RECORDED INFORMATION:
────

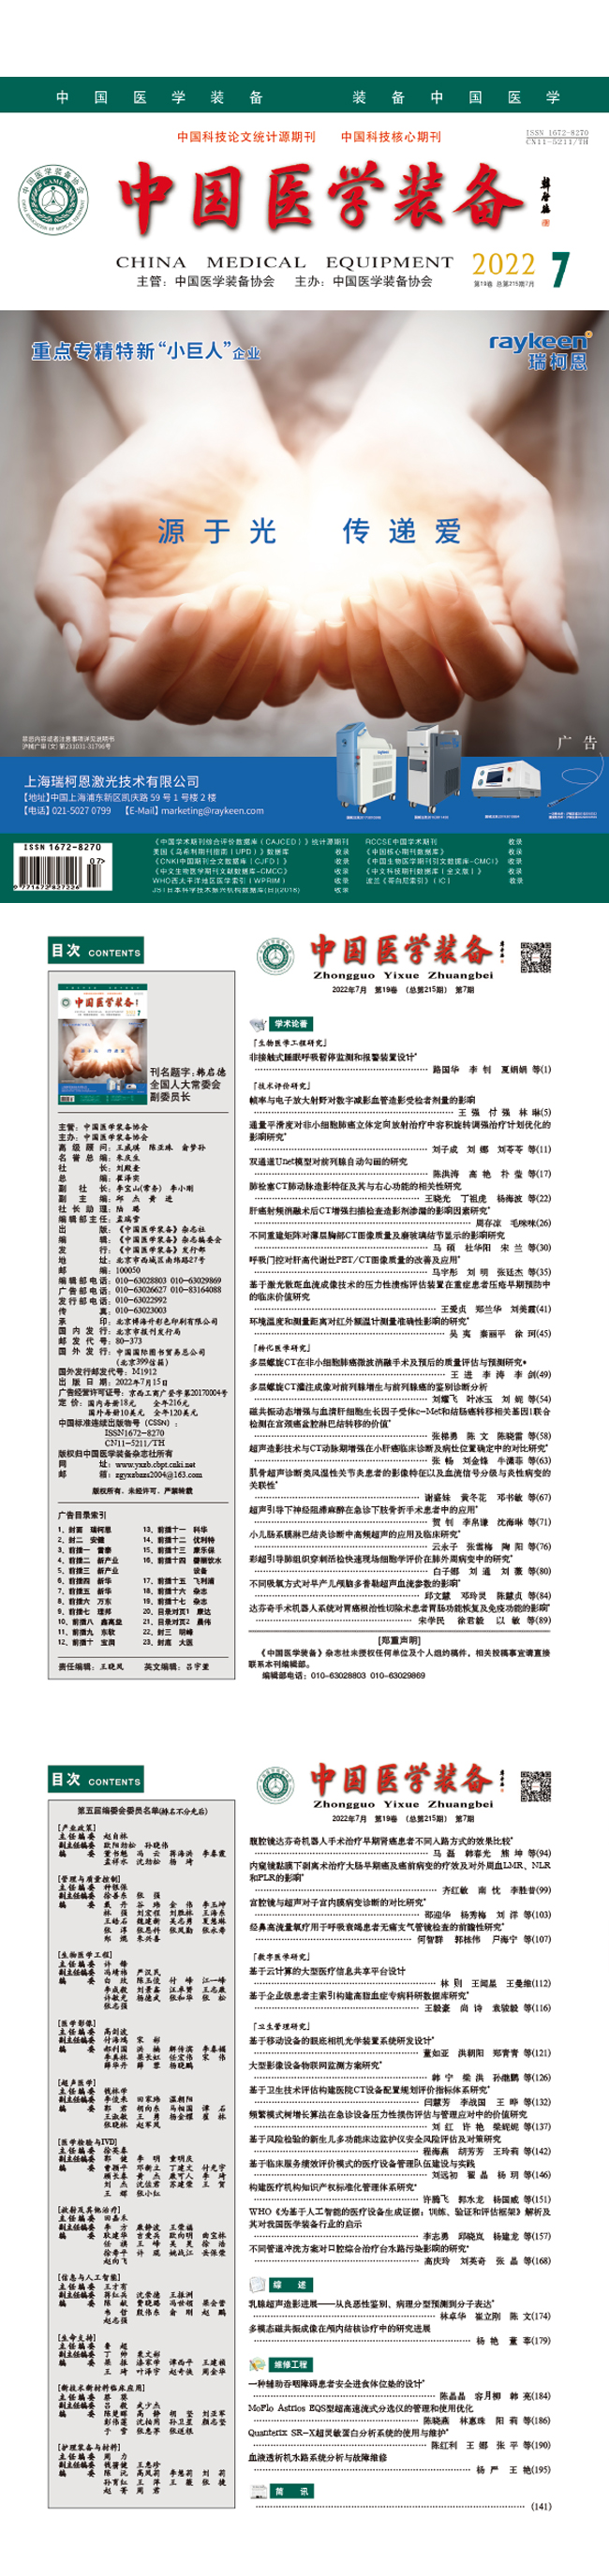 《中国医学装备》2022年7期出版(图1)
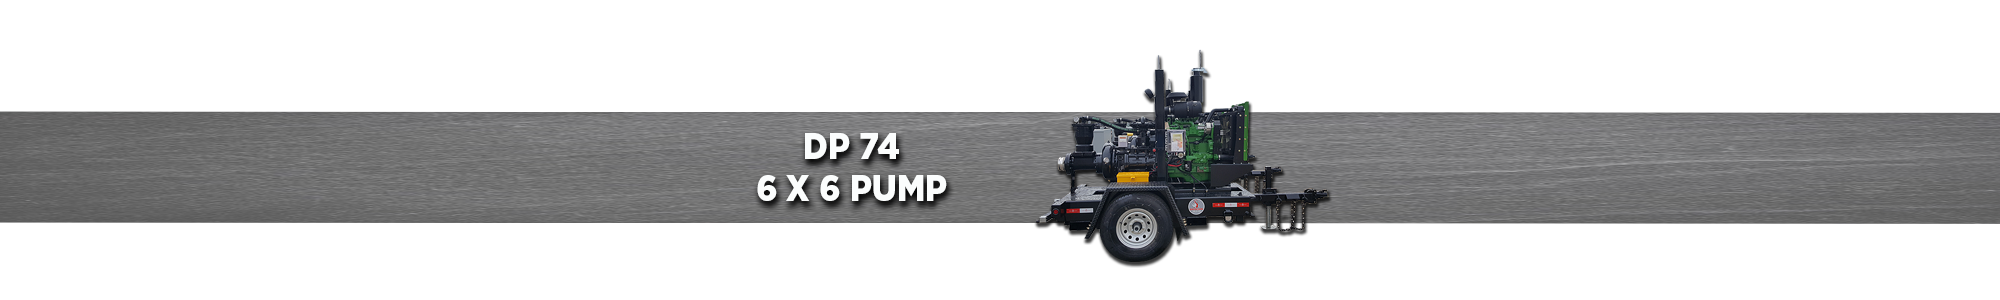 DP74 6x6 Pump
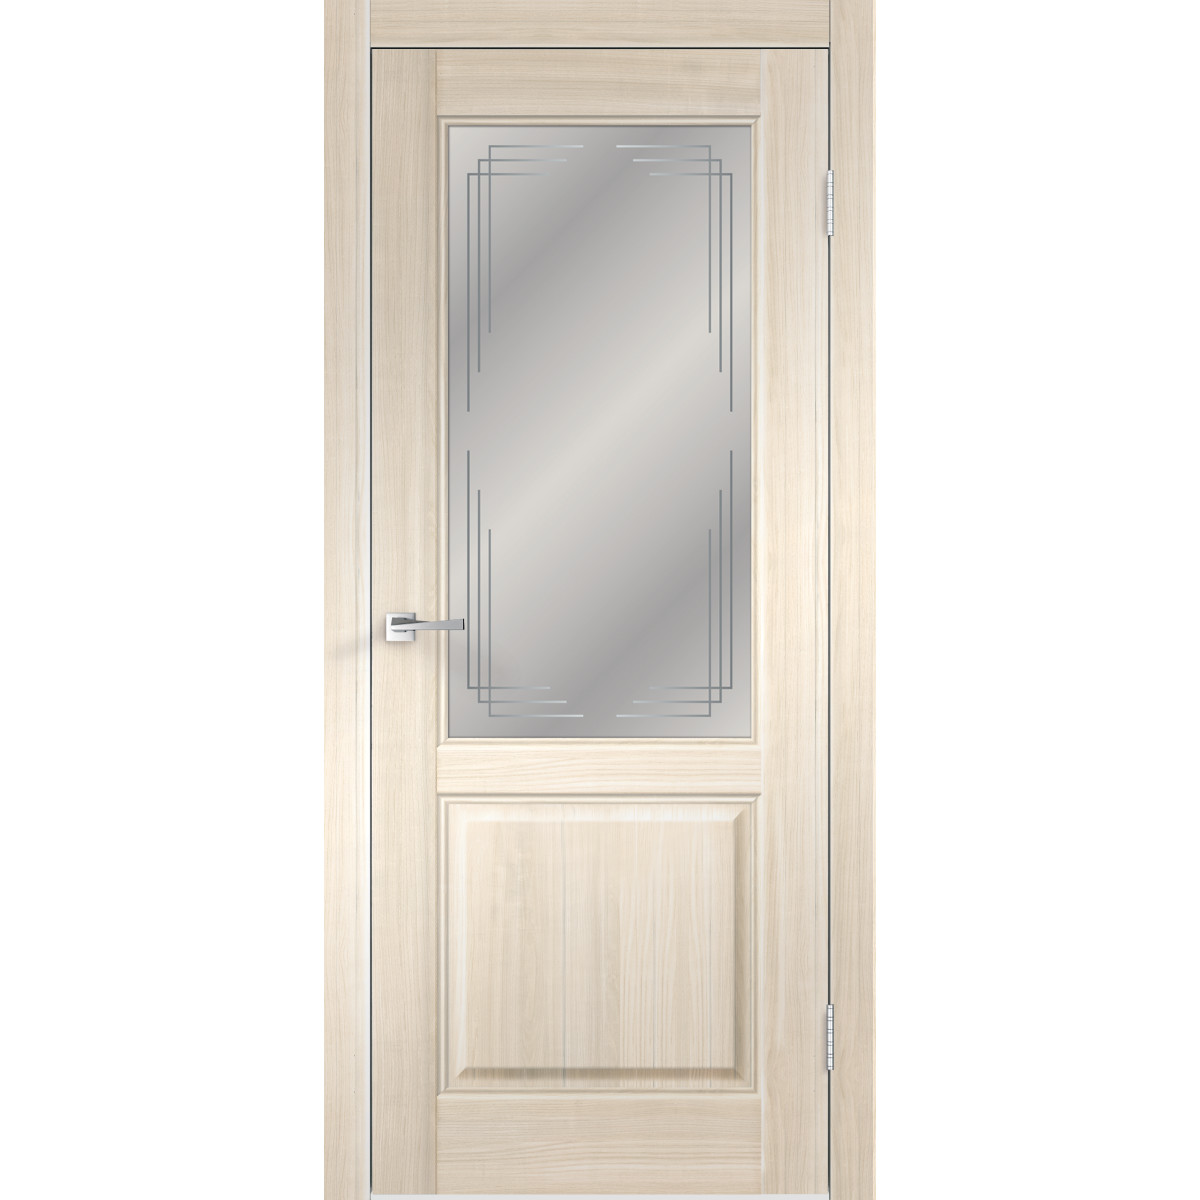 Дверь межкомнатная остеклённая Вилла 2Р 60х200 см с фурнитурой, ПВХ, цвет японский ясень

────

EXERCISE REQUIREMENTS:
Print only the lines from the line that contains "DP74 6x6 Pump" to the final line of the data, inclusive. Pictures stay out.

RESULT BELOW:
 DP74 6x6 Pump
 Дверь межкомнатная остеклённая Вилла 2Р 60х200 см с фурнитурой, ПВХ, цвет японский ясень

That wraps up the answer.